Step 1: To make this work, on your Linux or macOS local machine (laptop/desktop), edit the file ~/.ssh/config by adding a machine stanza which looks like this (replace aturing with your NetID):
Host della.princeton.edu della
User aturing
HostName della.princeton.edu
ControlPath ~/.ssh/controlmasters/%r@%h:%p
ControlMaster auto
ControlPersist 10m
Step 2: Then do a mkdir -p ~/.ssh/controlmasters to create the directory for telling ssh how to use this multiplexed session.
The very first login to della (from on-campus since no VPN) would start the multiplexing option:
$ ssh della
The command above will Duo authenticate but subsequent sessions will use that connection and not require Duo. The multiplexer remains active for ControlPersist time, as defined in your ~/.ssh/config file, once the last ssh session has terminated.

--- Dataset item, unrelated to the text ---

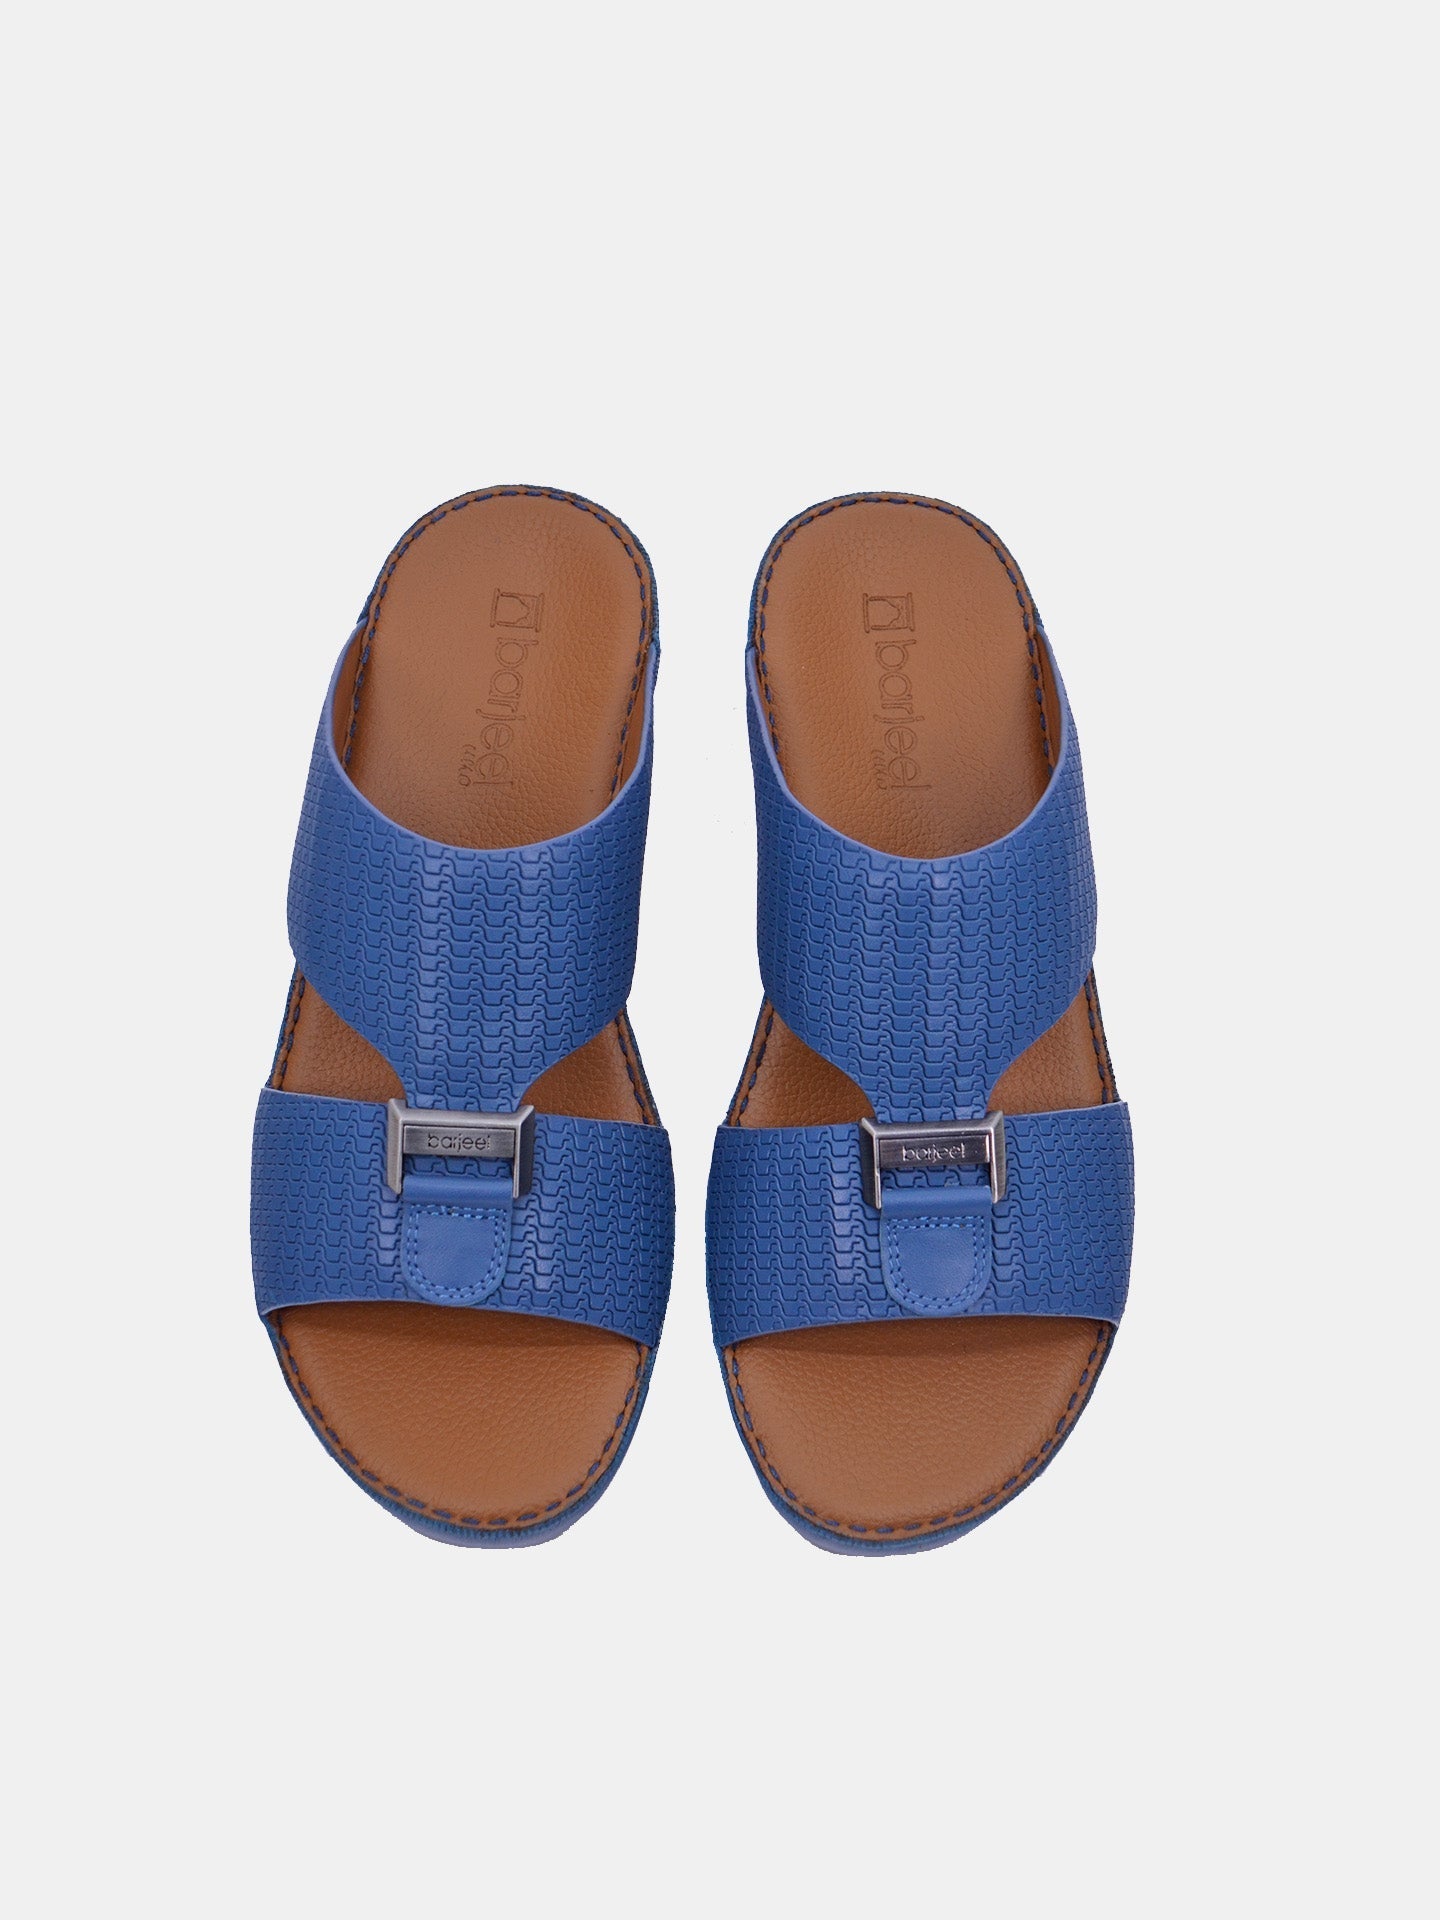 Barjeel Uno BSP1-54 Boys Arabic Sandals #color_Blue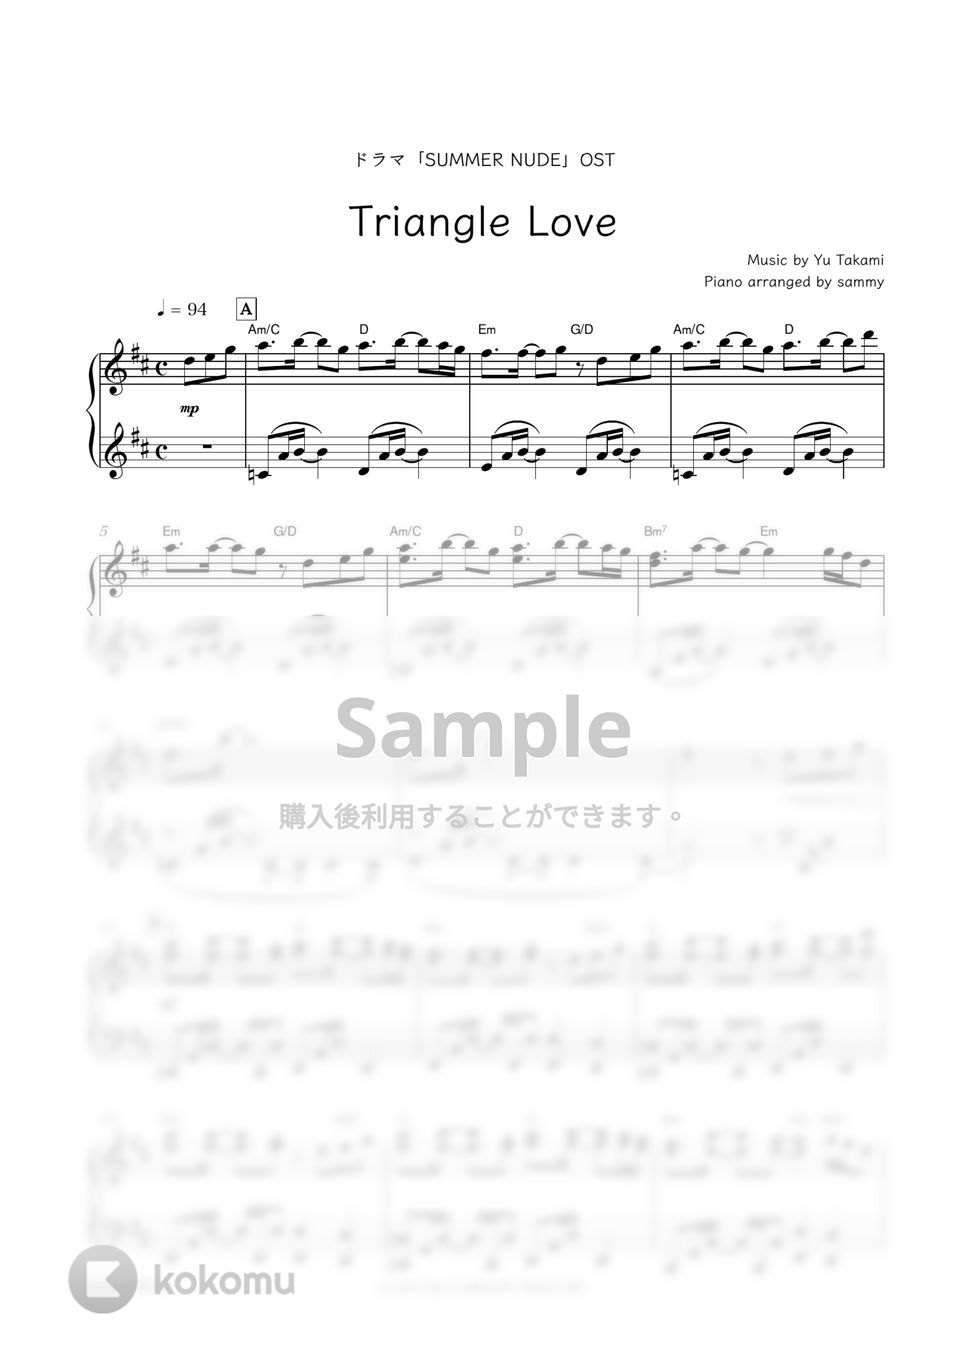 ドラマ『SUMMER NUDE』OST - Triangle Love by sammy

Some handy commands from your local machine (laptop/desktop):
$ ssh -O check della # this checks whether a multiplexed session is already open
$ ssh -O stop della # kills the multiplexed session
The line Host della.princeton.edu della allows one to create aliases which explains why we can use della or della.princeton.edu in the commands above.
Troubleshooting
To ignore your config file:
$ ssh -F /dev/null <YourNetID>@della.princeton.edu
To use an alternate config file:
$ ssh -F /path/to/alternate/config <hostname>
In some cases it may be necessary to close active ssh sessions on your local machine. First, find the open sessions:
$ ps uwx | grep -E 'PID|ssh'
Then kill specific processes (see the PID column to get the process id):
$ kill -9 <process-id>
X11 Forwarding with SSH Multiplexing
If you are using ssh multiplexing AND the first connection you made did not use X11 forwarding then none that follow will do so either and attempting to add -Y/-X is useless. In this case you have to close all ssh connections to the machine (ALL is very important - it has to ask you for password/username/duo again) and then reconnect making sure that the first connection uses -Y/-X flag.
X11 Forwarding
If you are on a Mac and you experience problems with X11 forwarding then try adding the following lines to the bottom of ~/.ssh/config:
Host *
ForwardAgent yes
ForwardX11 yes
XAuthLocation /opt/X11/bin/xauth
Make sure that you have an X server running (e.g., XQuartz) when using this approach.